2.5 Statistical analysis
Continuous variables were summarized as median (interquartile range, IQR) and compared between AKI and non-AKI groups using the Mann–Whitney U test; if normally distributed by the Shapiro–Wilk test, they were reported as mean ± SD and compared with Student’s t-test. Categorical variables were presented as n (%) and compared using Pearson’s chi-square test (Fisher’s exact test when expected cell counts <5). Two-sided P-values <0.05 were considered statistically significant. Where appropriate, P-values were adjusted for multiple testing using the Benjamini–Hochberg false discovery rate (FDR) procedure.
To estimate adjusted associations, we fitted multivariable logistic regression models with postoperative AKI (yes/no) as the dependent variable. Candidate predictors included those showing between-group differences in univariate tests and those retained a priori for clinical plausibility and LLMs-simulated expert validation.

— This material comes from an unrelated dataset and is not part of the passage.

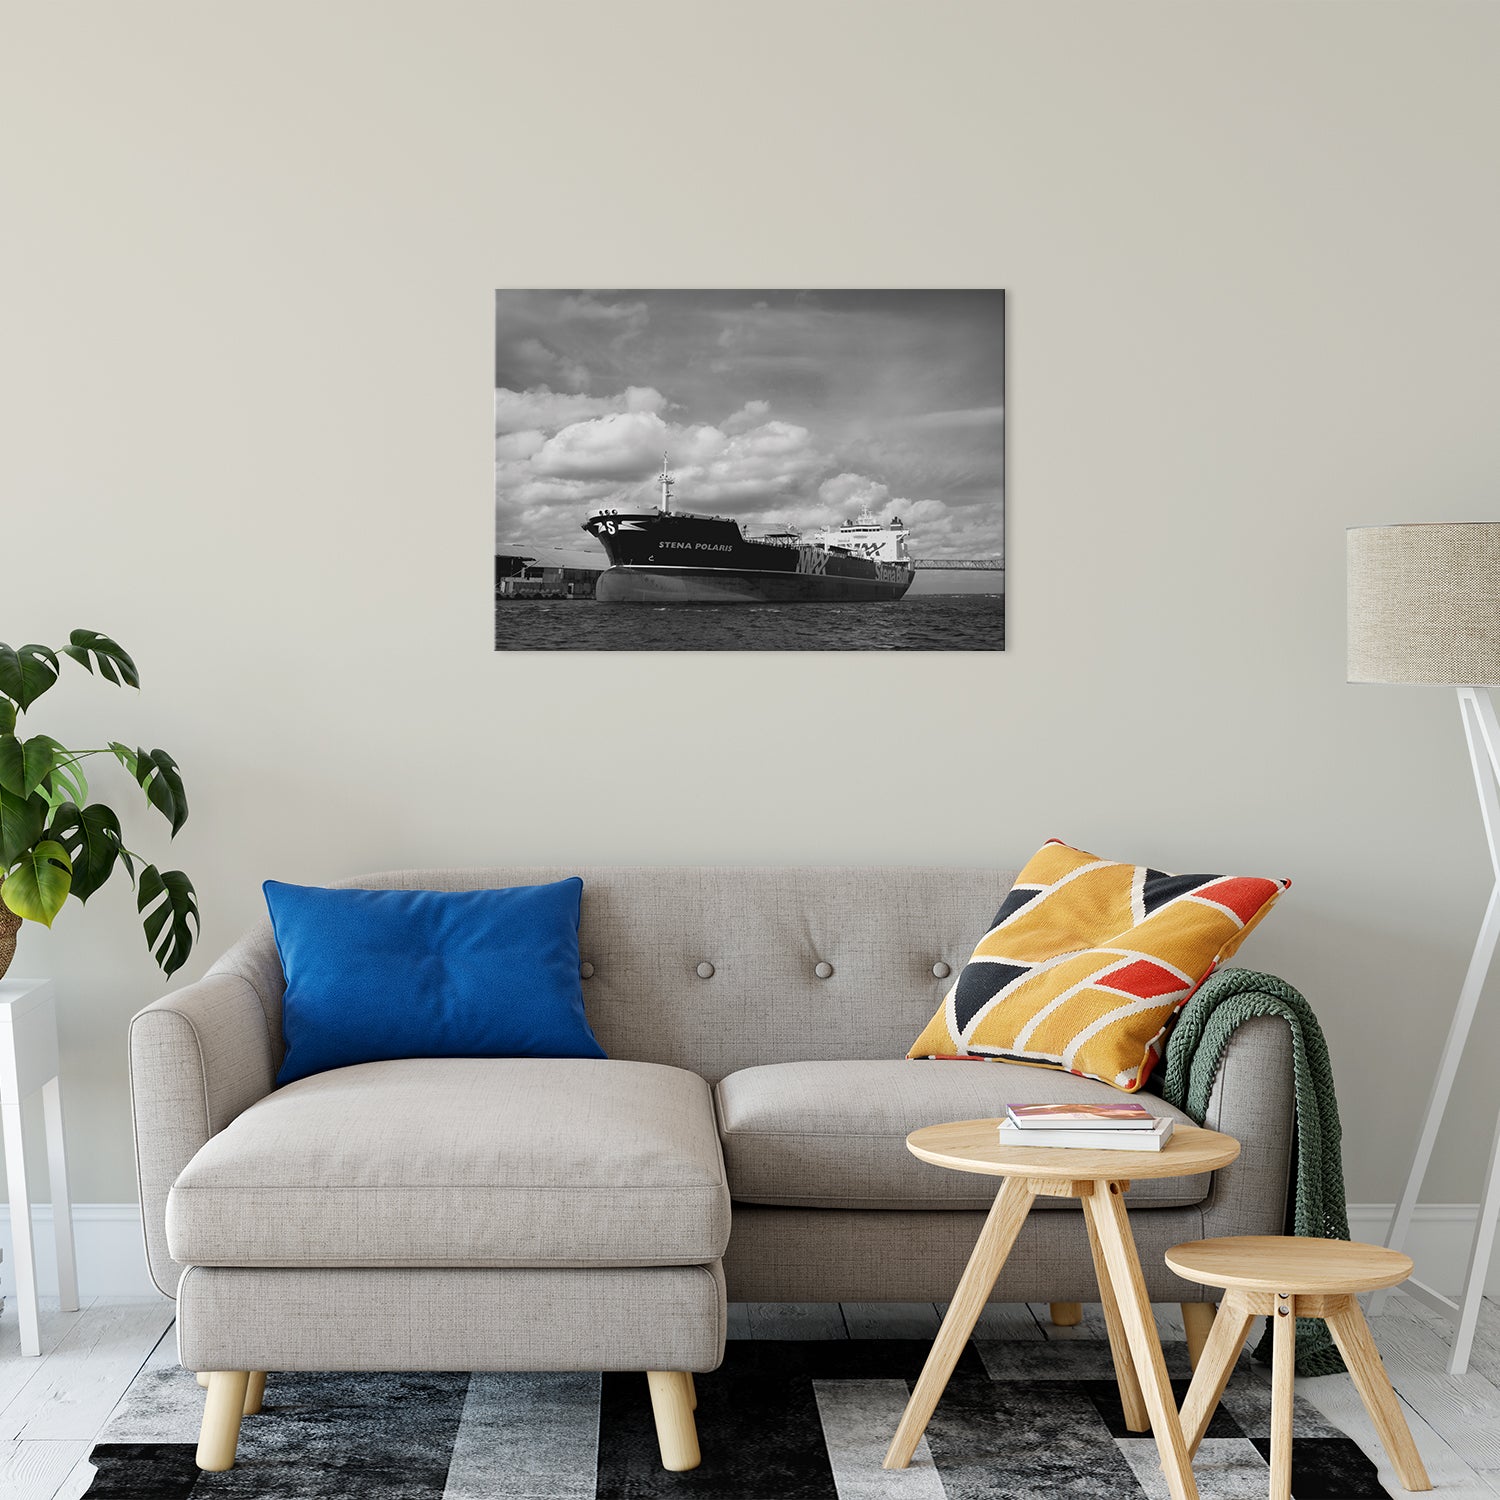 Large Abstract Coastal Art: Ship On The St. Johns River Coastal Photo Black and White Fine Art Canvas Wall Art Prints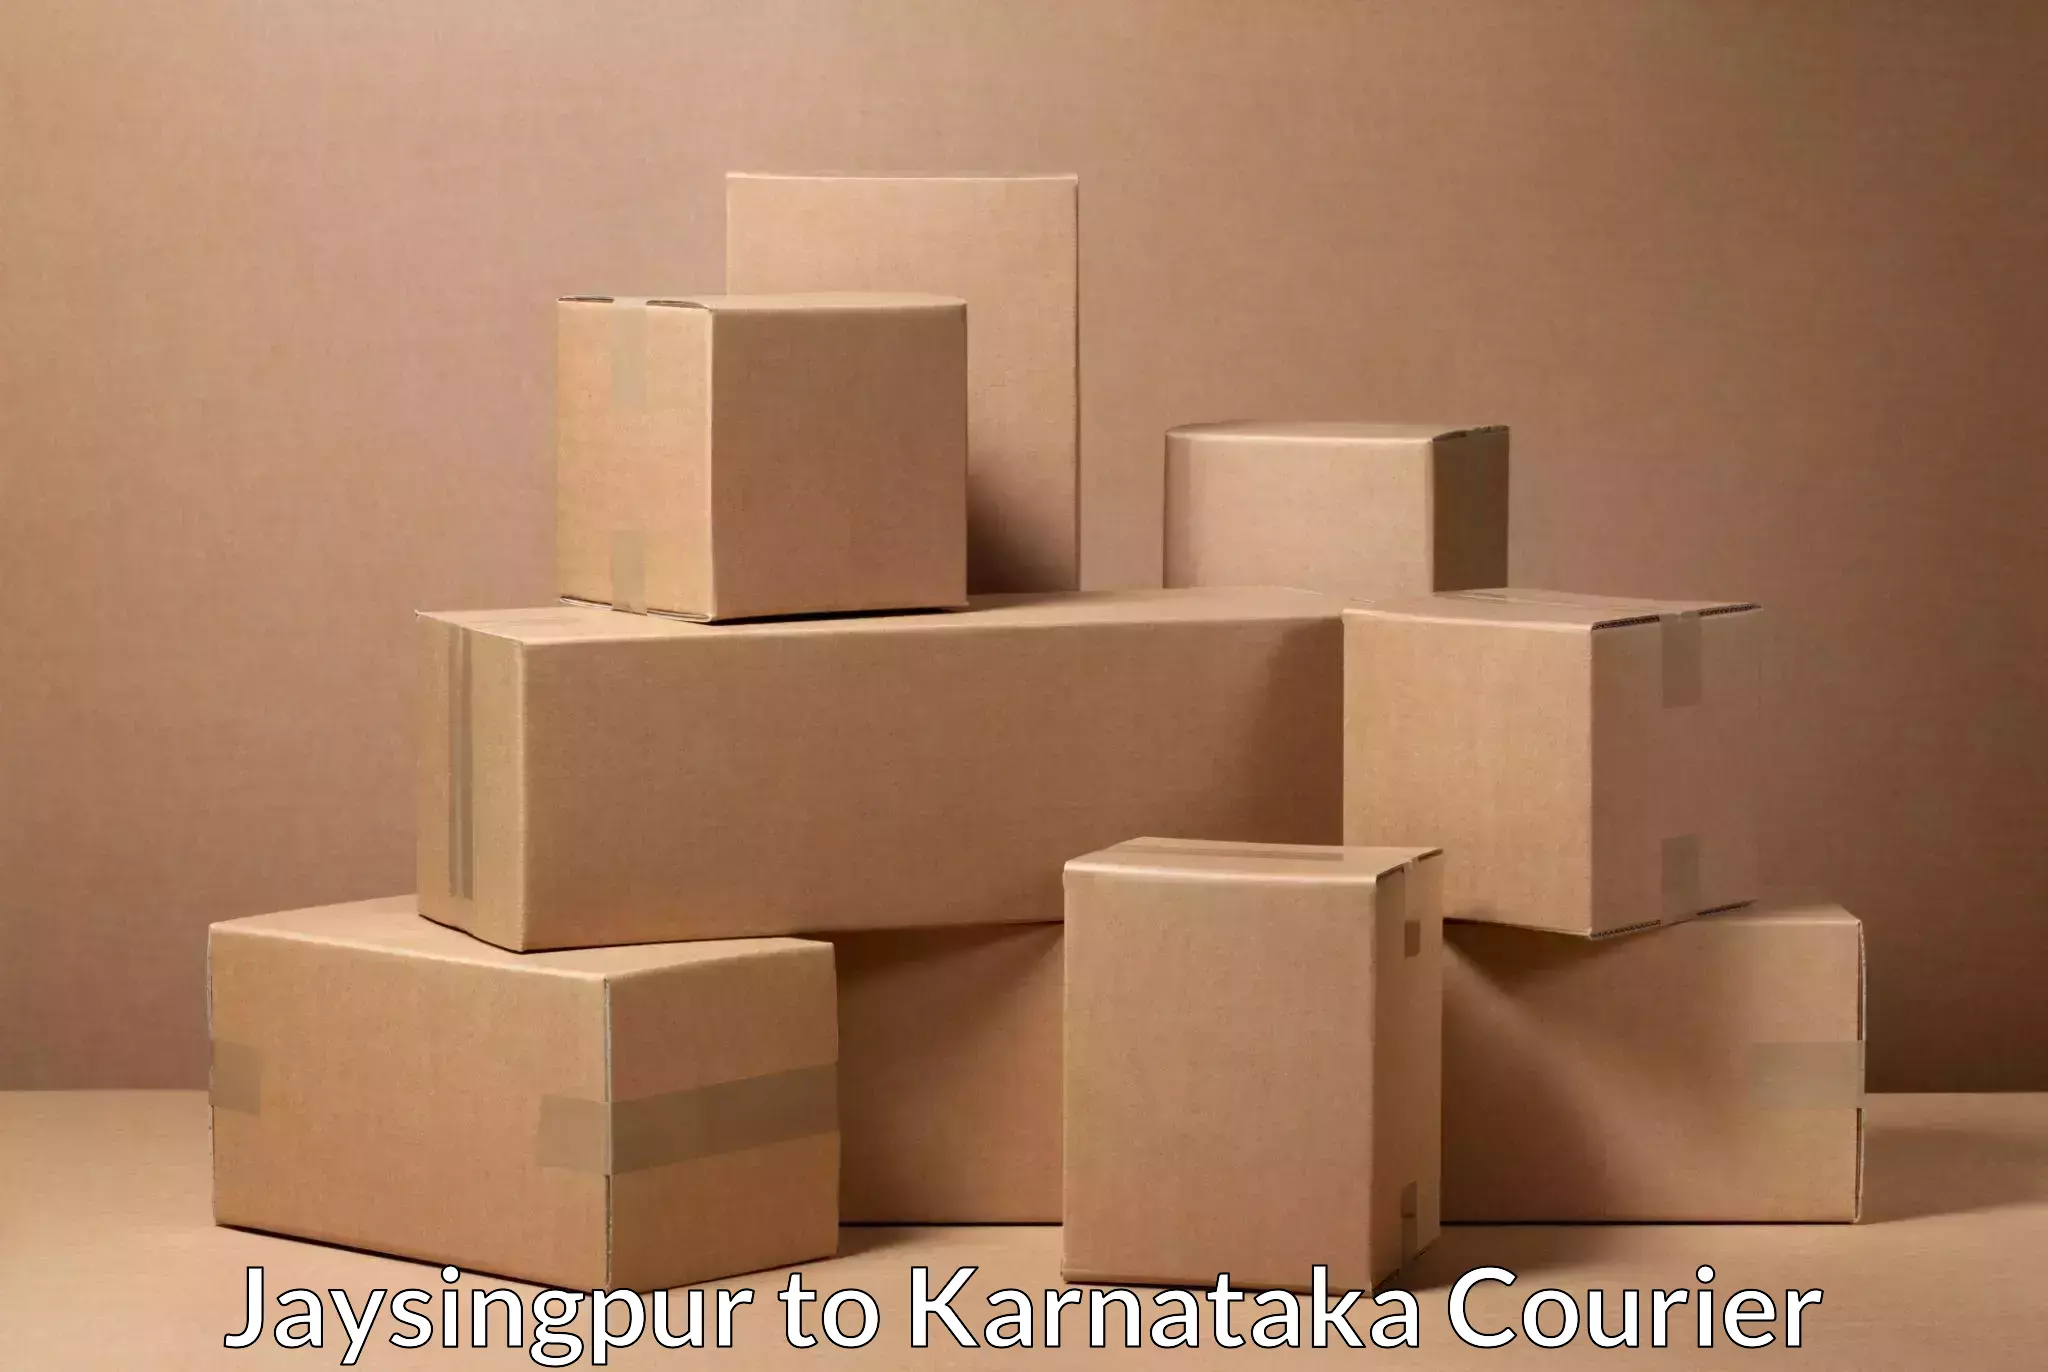 Reliable logistics providers Jaysingpur to Chikkamagalur

The models were adjusted for potential confounders (age, sex, baseline serum creatinine, and type of cardiac surgery). Linearity in the logit for continuous predictors was assessed (locally weighted smoothed plots); when violated, variables were modeled using restricted cubic splines or clinically meaningful categories. Multicollinearity was evaluated using variance inflation factors (VIF), and predictors with VIF >5 were excluded or combined. Missing data were handled via multiple imputation by chained equations (m = 5); regression estimates were pooled with Rubin’s rules. Because continuous predictors were z-standardized during preprocessing, adjusted odds ratios (ORs) correspond to a 1-SD increase unless otherwise specified. Adjusted ORs with 95% confidence intervals (CIs) were reported and visualized in a forest plot.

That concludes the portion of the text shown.